50フレイシア攫われる(フレイシア・イリ)
私はあれから眠ったらしい。
目が覚めるともう夜になっていてクリス殿下もかなり前に帰ったとイリから聞いた。
「熱、下がった見たいですね。良かった。何か召し上がった方がいいです。フレイシア様何か欲しいものはありませんか?」
イリが尋ねた。
「そうね‥プリン」
不意にエバンと一緒に食べた時の事が思い出された。
「プリン?ですか。調理場に行ってみますがきっとプリンはないかと‥代わりに果実水や果物をお持ちしましょう。それから」
「ええ、ごめんなさい。プリンはいらない。サンドイッチでいいわ」
慌てて思い出と一緒にプリンを否定する。
「はい、食欲が出たなら良かったです。すぐにお持ちしますね」
イリは嬉しそうにして出て行った。
食事をしたらお風呂に入りたい。
そこでやっとエバンが捕まった事を思い出す。もう、私ったら何してるんだろう。
クリス殿下には押されっぱなしのくせに、エバン様の事となると気持ちを押し殺してしまう。
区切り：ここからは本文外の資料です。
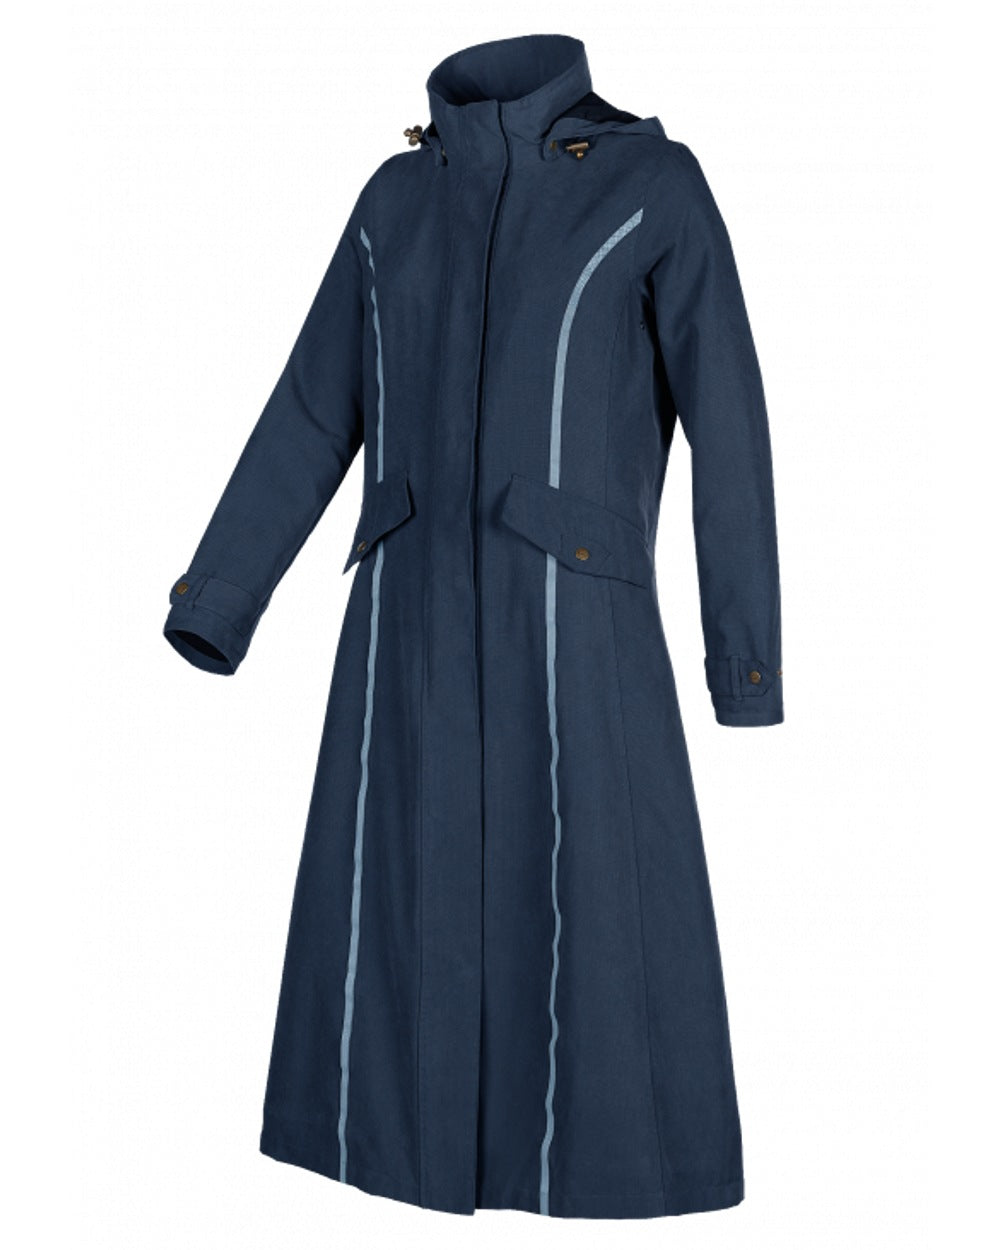 Baleno Kensington Safe Womens Long Riding Coat in Navy Blue

でも、考えずにはいられない。エバン様はどうなっただろう?今頃牢に入れられて?まさか拷問とかされてないかな?
(キアいる?)
(うん、ここにいるよ。顔色良くなったみたい。良かった)
(ごめんね心配かけて‥キア、エバン様がどうしてるかわかる?)
(騎士隊の牢にいるみたい。元気はないけど怪我とかはしてないみたい)
(‥そう、それなら良かった。そうだ!キア、エバン様と話しできるのよね?)
(ああ、あの時はちょっと彼に同情もしてたからつい話しかけたら聞こえたみたい)
(それって今も話せるって事?)
(きっと話せると思うわ。どうかしたの?)
(エバン様に何をすればいいか聞いて欲しいの。私で出来ることがあれば誰かに取り次ぐとか必要なものを用意することだって出来るかも知れないでしょう?)
(フレイシア、やっぱりまだ彼が好きなの?)
(そ、そんなんじゃないわ。私に会いに来て捕まったから、それに彼はニルス国を救うためにいろいろしてくれたって聞いたし‥そんな人がひどい目に合うのは気が悪いっていうか‥)
(もう、はっきりしなさいよ!エバンが好きなんでしょう?)
(そりゃ好きだけど‥でも、事情が変わったのよ。私は聖女だしキアラルダの王女みたいだし‥)
(それがどうしたの?エバンはあなたが平民だった時でもあなたが好きだって言ってたじゃない!それにお互い王族同士なら何の問題もなくなったって事かもよ)
(あっ‥)
私ったら何を勘違いしてたんだろう。それに何にこだわっていたんだろう。
エバン様が会いに来てくれた事でずっとあった心のわだかまりは全部じゃないけど彼との距離が近付いた気がした。
寧ろ彼がやっぱり好きだってはっきり気づいたくらい。
急いで立ち上がると鏡台の引き出しからエバン様がくれた髪飾りを取り出す。
金と銀が仲良くまじりあって作られた髪飾りを両手で握って胸に抱く。
不意に黒い影が近付いて口を塞がれた。
「‥うっ、ぐぅ‥」そのまま何かをかがされたのか気を失った。
*~*~*
「フレイシア様?どこです。食事をお持ちしました」
部屋にいないので洗面台を見て来る。だが、フレイシア様がいない。
床にはあの大切にしている髪飾りが落ちていた。
おかしい。
そう思った矢先。窓にシュテが現れた。窓を開けてシュテを入れる。
「シュテ、ちょっと待って」
ラヴァード様からだ。
『イリ迂闊だった。フレイシアは無事か?もしかしたらフレイシアが狙われるかもしれない。セレストに取って彼女は金のがちょう。油断するな。俺たちもすぐに行く』
もう、遅いですよ。
すぐに返信を書こうとしていると窓からラヴァード様達が入って来た。
「フレイシアは?」
「連れ去られたみたいです。ほんの少し前の事だと‥にしてももっと早く連絡が来てれば彼女のそばを離れなかったのに!」
「直ぐに近くを探そう。まだそうと奥に入ってないはずだ。急ぐぞ」
「あの、ラヴァード様。辺境伯がお越しなのでは?」
「こんな事言えるか?殺されるぞ。いいから一刻も早くフレイシアを探し出すんだ!」
「ですね。了解です」
私達は四方に別れて捜索を開始した。